» **Raw data**:

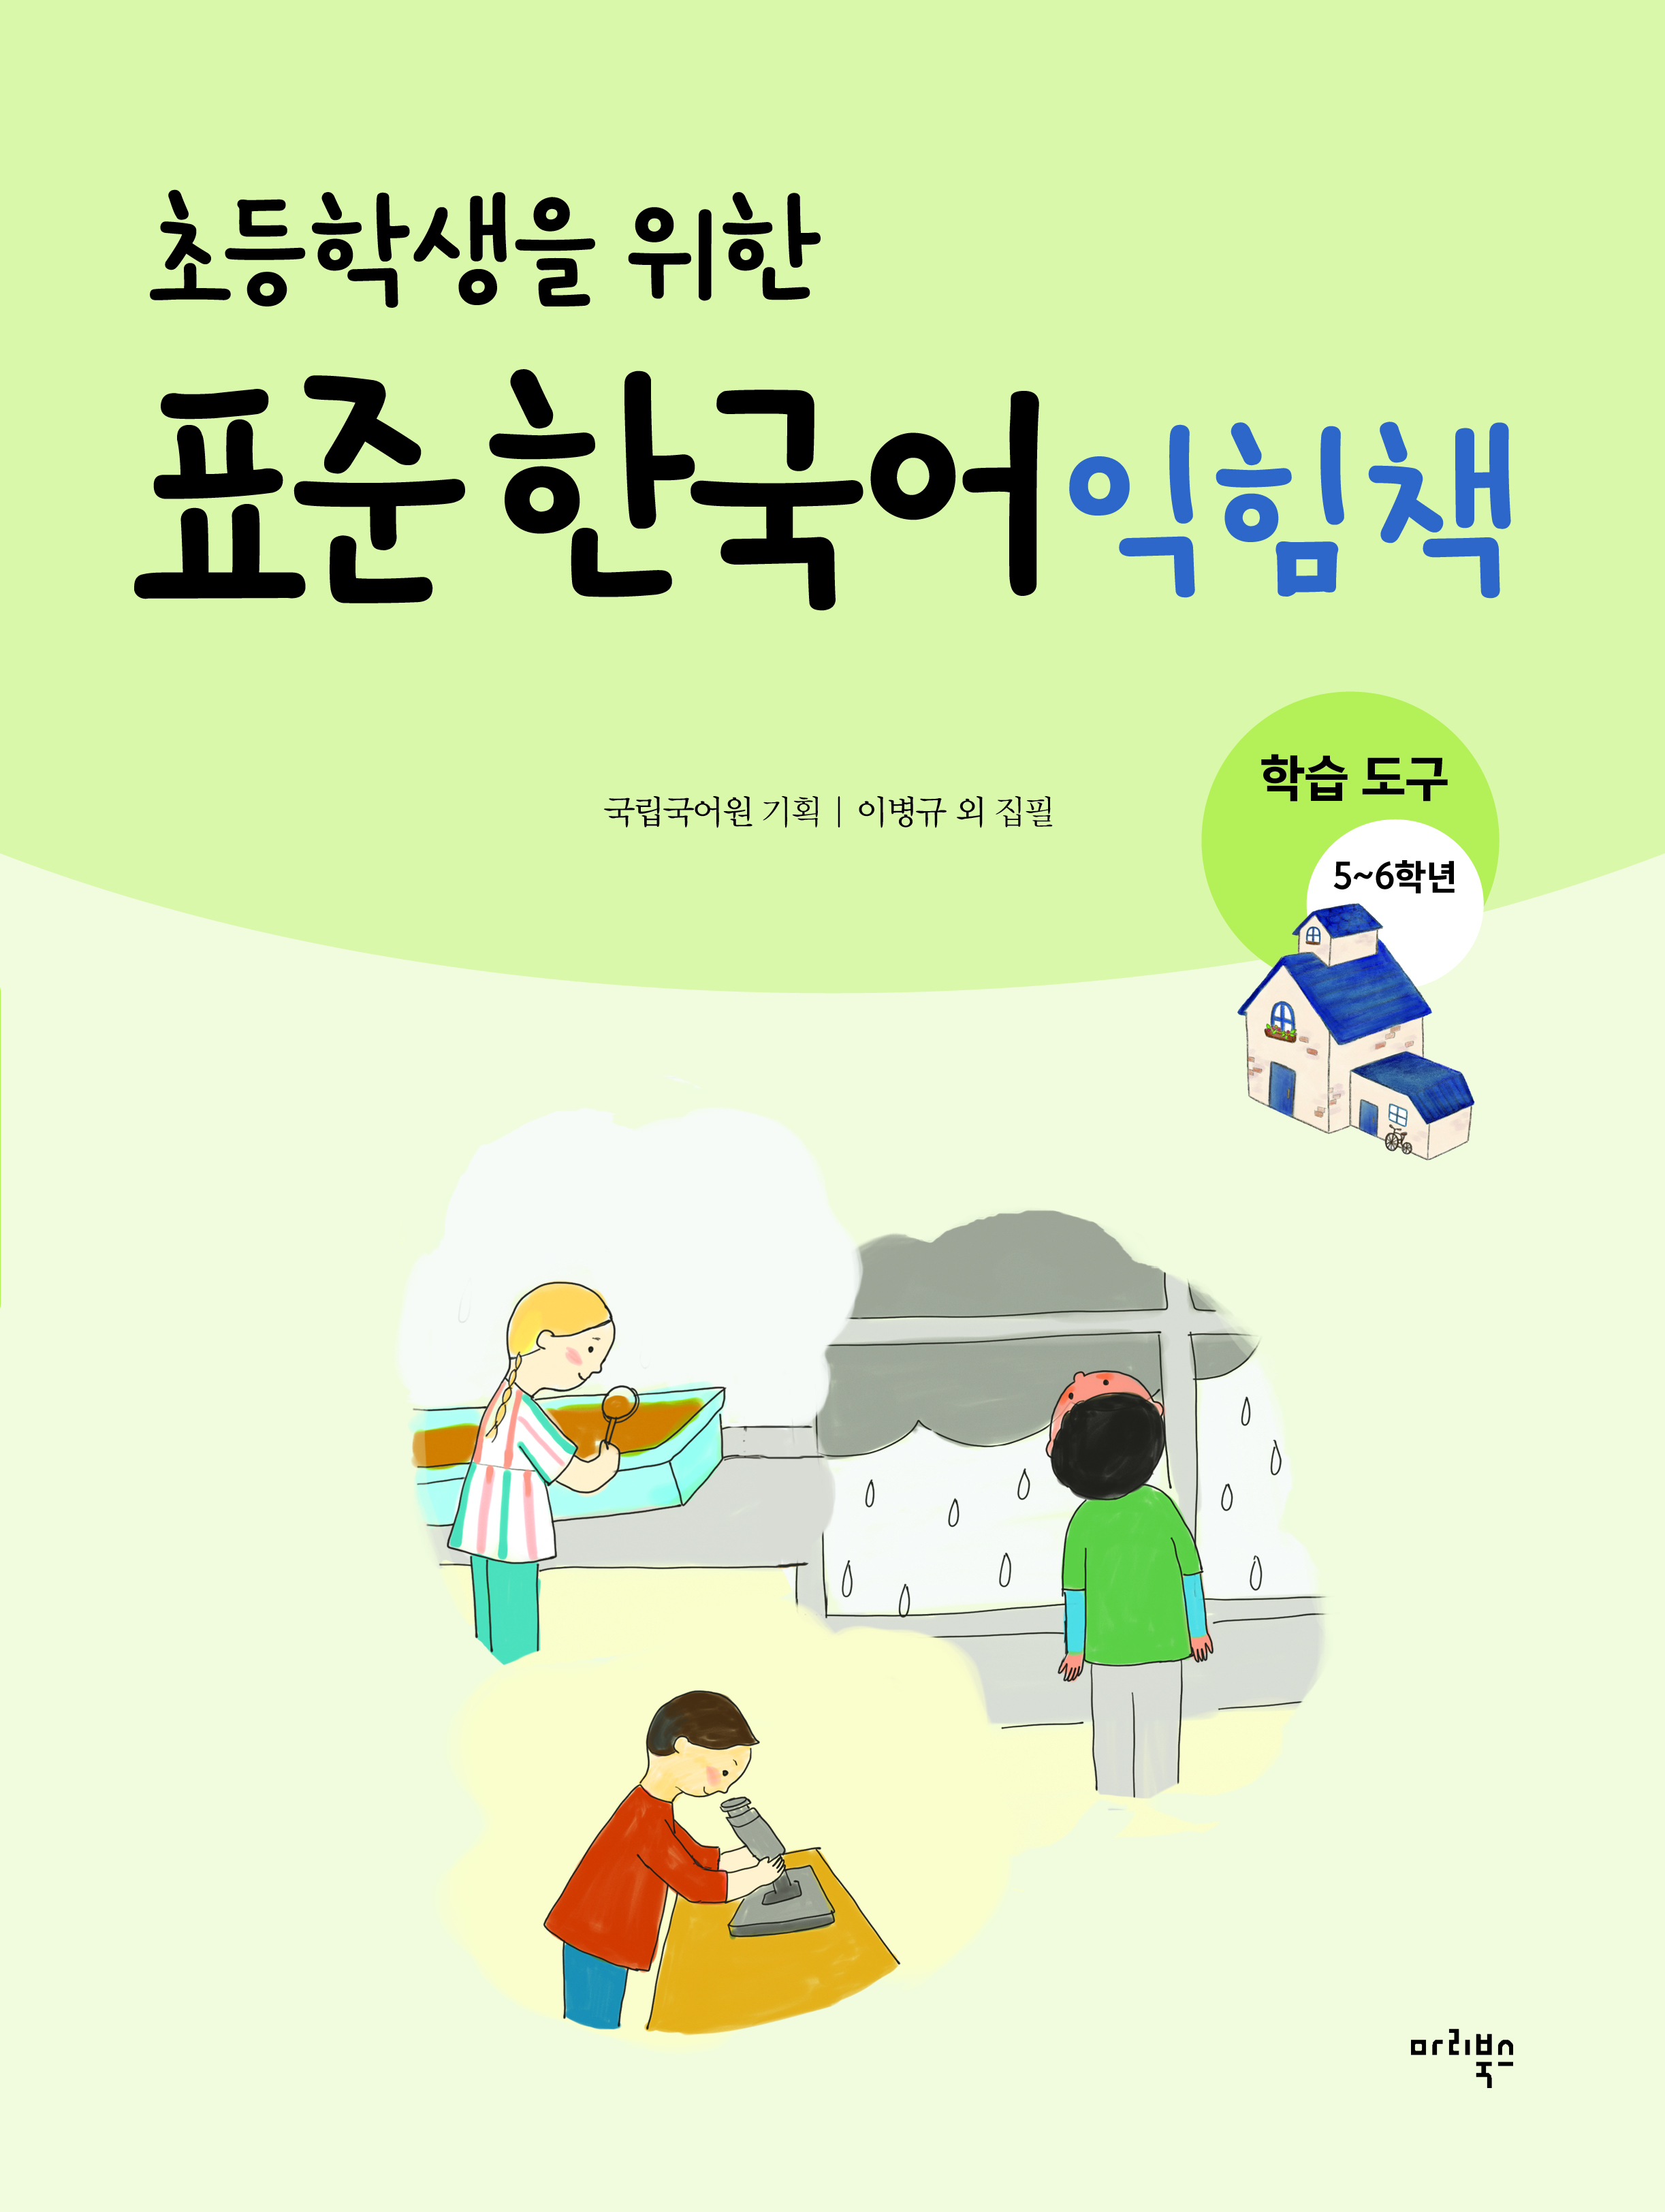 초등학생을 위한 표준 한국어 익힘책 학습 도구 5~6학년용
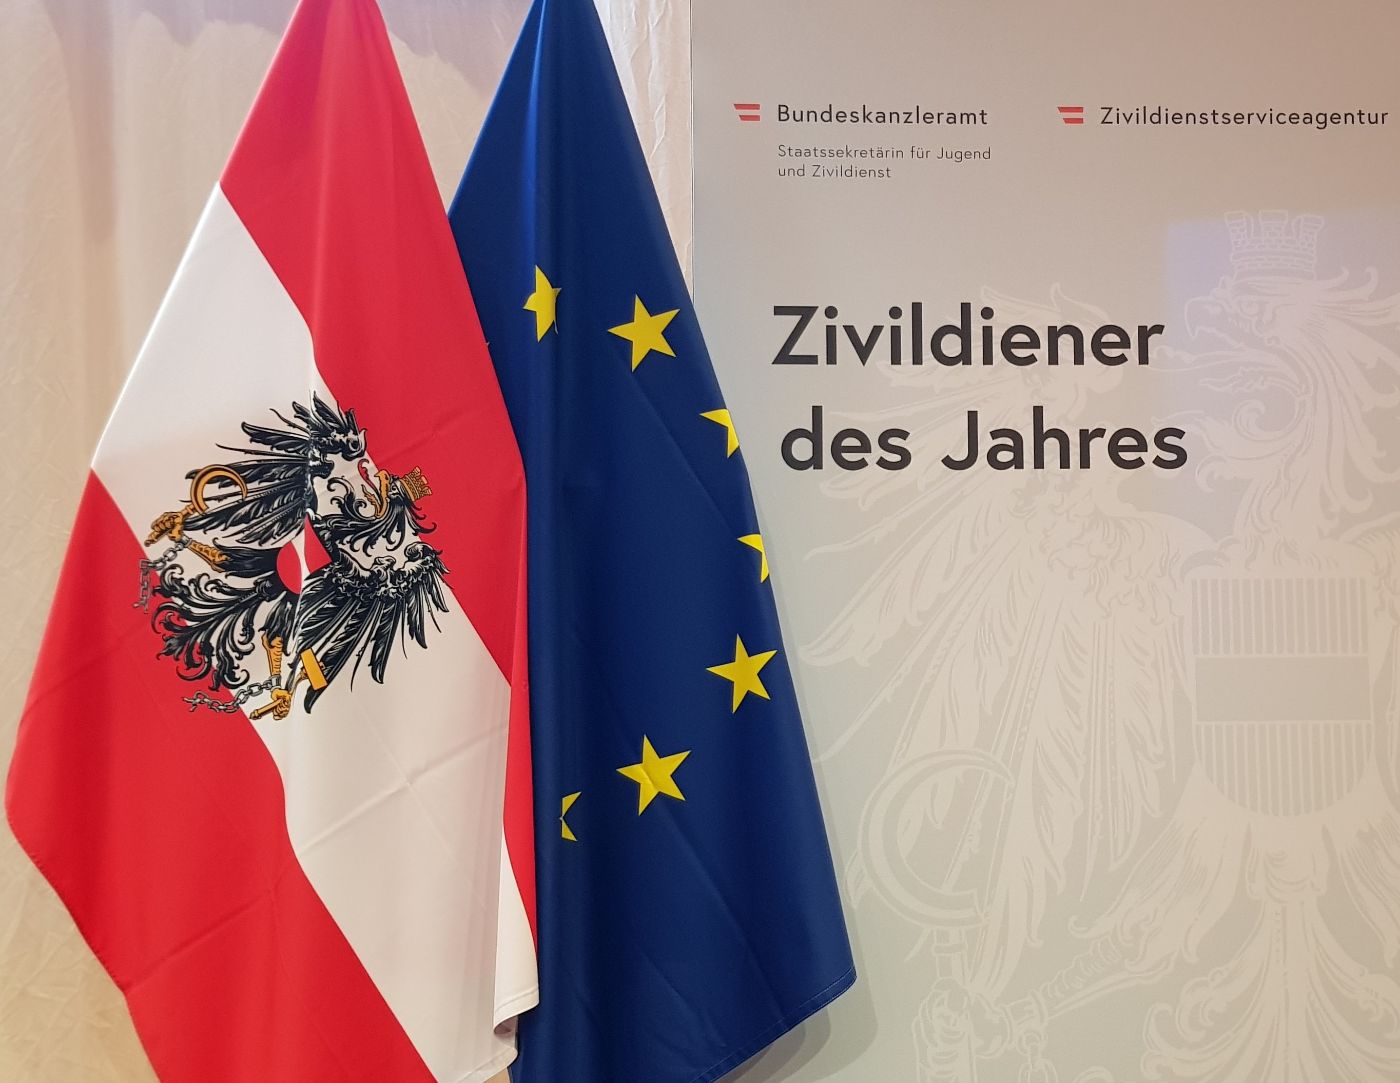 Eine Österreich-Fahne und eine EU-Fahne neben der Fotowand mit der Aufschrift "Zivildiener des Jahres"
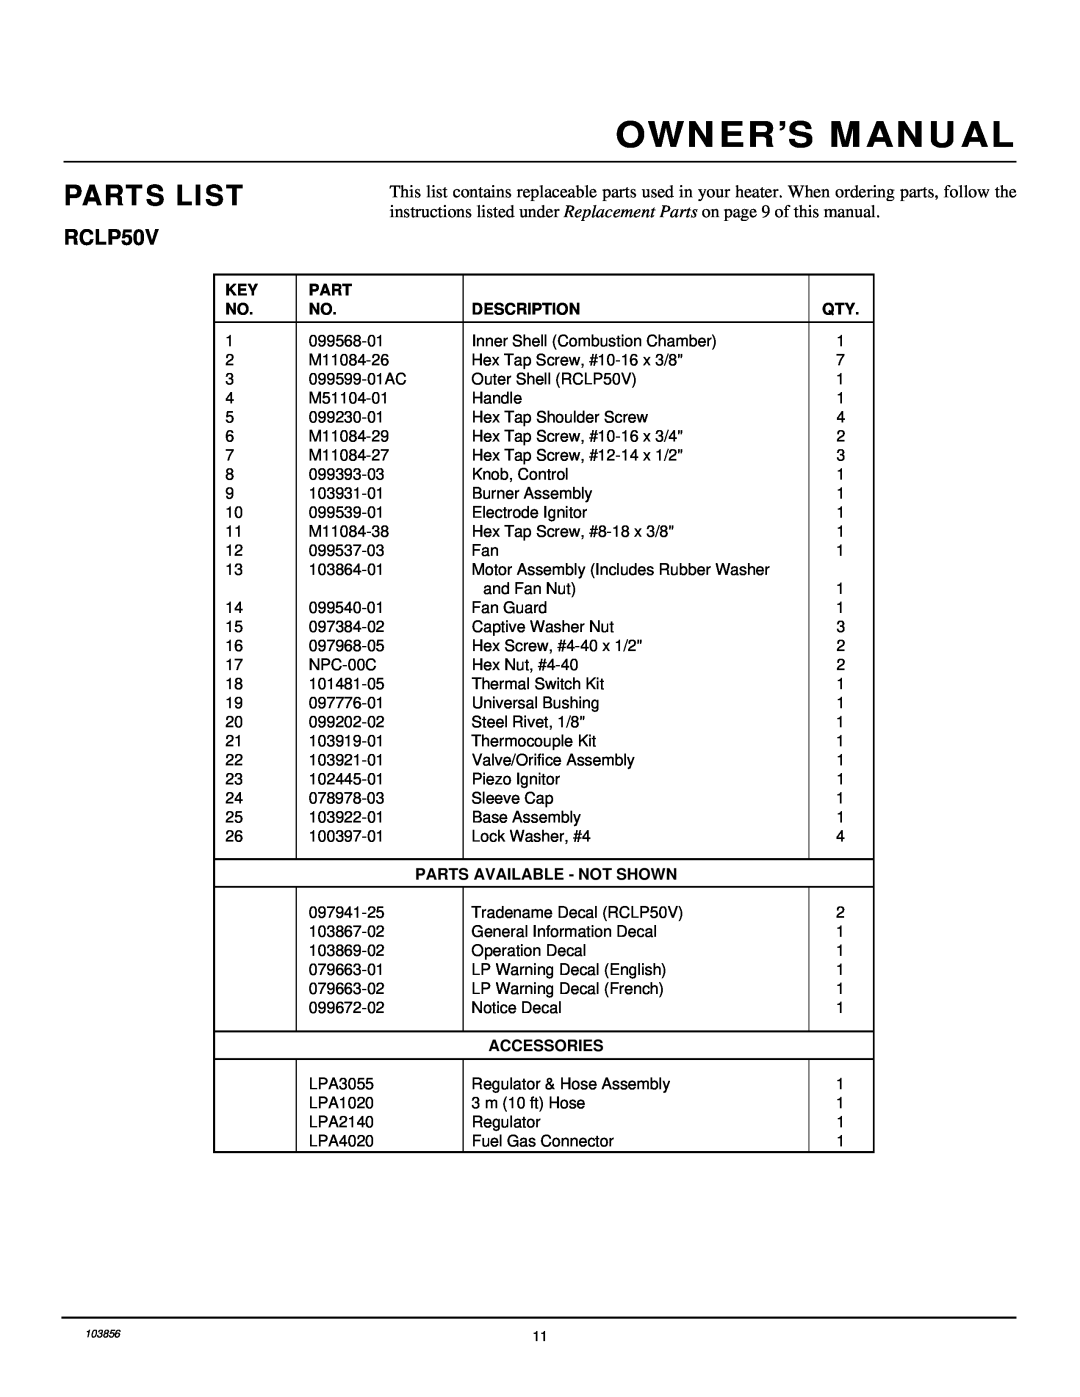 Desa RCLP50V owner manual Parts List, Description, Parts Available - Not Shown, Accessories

» **Task description**:
Exclude the images and reproduce the remaining data exactly.

» **Result below**:
 초등학생을 위한 표준 한국어 익힘책 학습 도구 5~6학년용
 Eine Österreich-Fahne und eine EU-Fahne neben der Fotowand mit der Aufschrift "Zivildiener des Jahres"
 Desa RCLP50V owner manual Parts List, Description, Parts Available - Not Shown, Accessories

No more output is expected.